Math Anxiety May be Passed from Female Teachers to Girls, Study Shows
Filed under: In The News, Education: Big Kids, Research Reveals: Big Kids
Are teachers to blame for girls' math anxiety? Credit: nab_nabb2003, Flickr
According to an article in the Los Angeles Times, a new study has found that elementary teachers "anxious about mathematics" pass that unease along to their female students. Specifically, female teachers instructing first- and second-graders believed that boys are better at math, while girls excel at reading.
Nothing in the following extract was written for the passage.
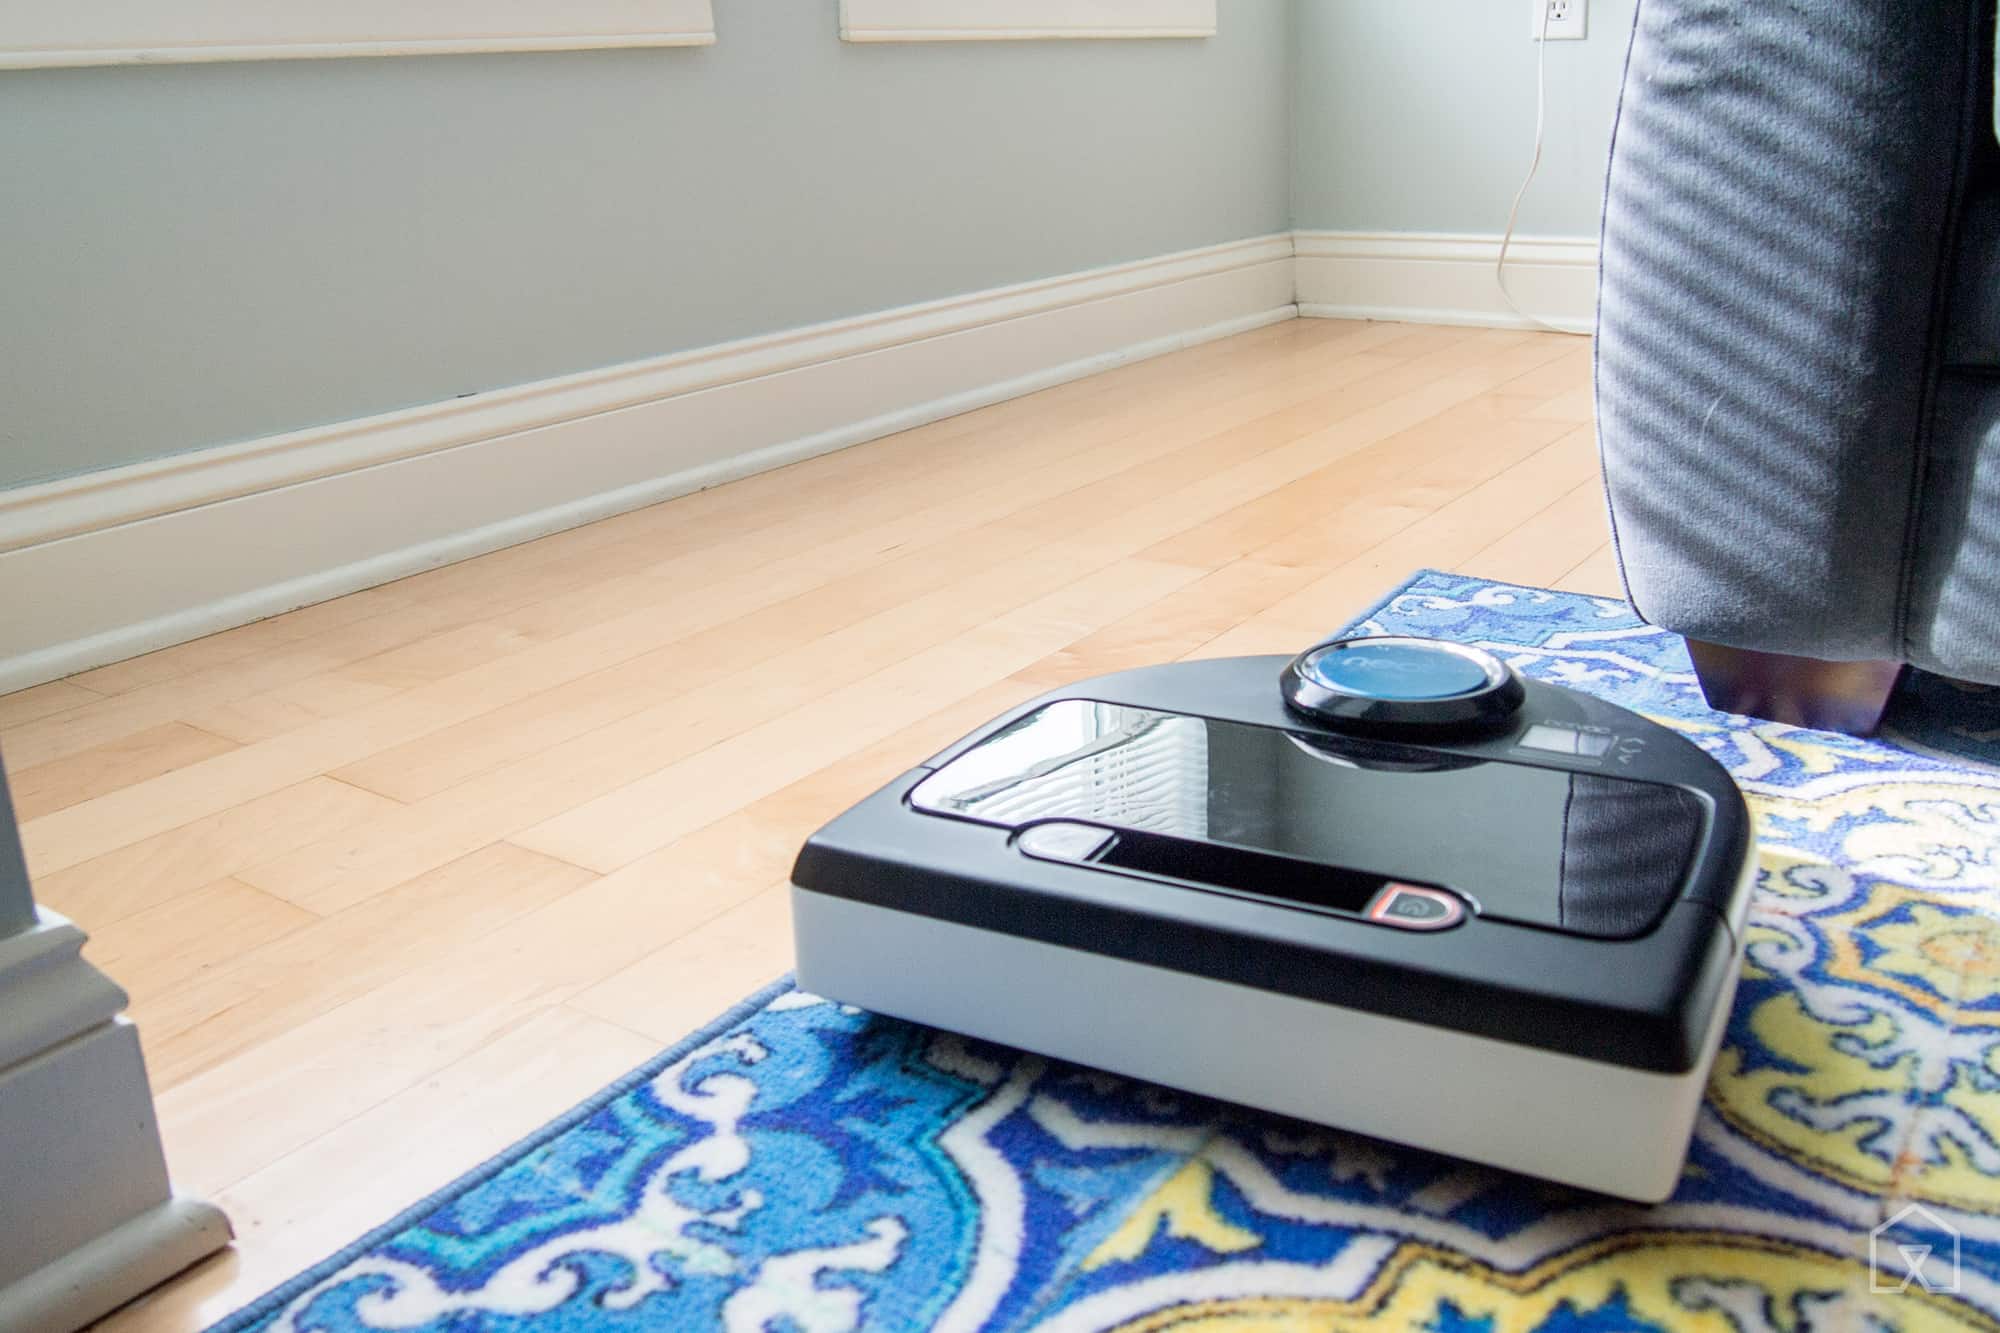 The Buying Guide to Purchasing the Best Robot Vacuums for Carpets

The study measured test scores before and after students spent a year with a teacher anxious over math. Test scores for girl students were lower than their male and female peers who did not have the same apprehensions about the subject, the article reports.
While the researchers are not clear how the anxiety is transferred within a class, it may have to do with girls being chosen "to solve math problems less frequently" or boys receiving more compliments, the Times reports.
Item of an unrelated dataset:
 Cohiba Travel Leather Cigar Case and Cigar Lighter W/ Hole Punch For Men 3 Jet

The study, published in the Proceedings of the National Academy of Sciences, was conducted by Sian L. Beilock, Elizabeth A. Gunderson, Gerardo Ramirez and Susan C. Levine.
The research is the first to look at "math attitudes of teachers" and how they can effect students and their math "performance," according to the newspaper. Although anxiousness over math is "more common among women," the Times reports, such feelings about math are not "related to math abilities."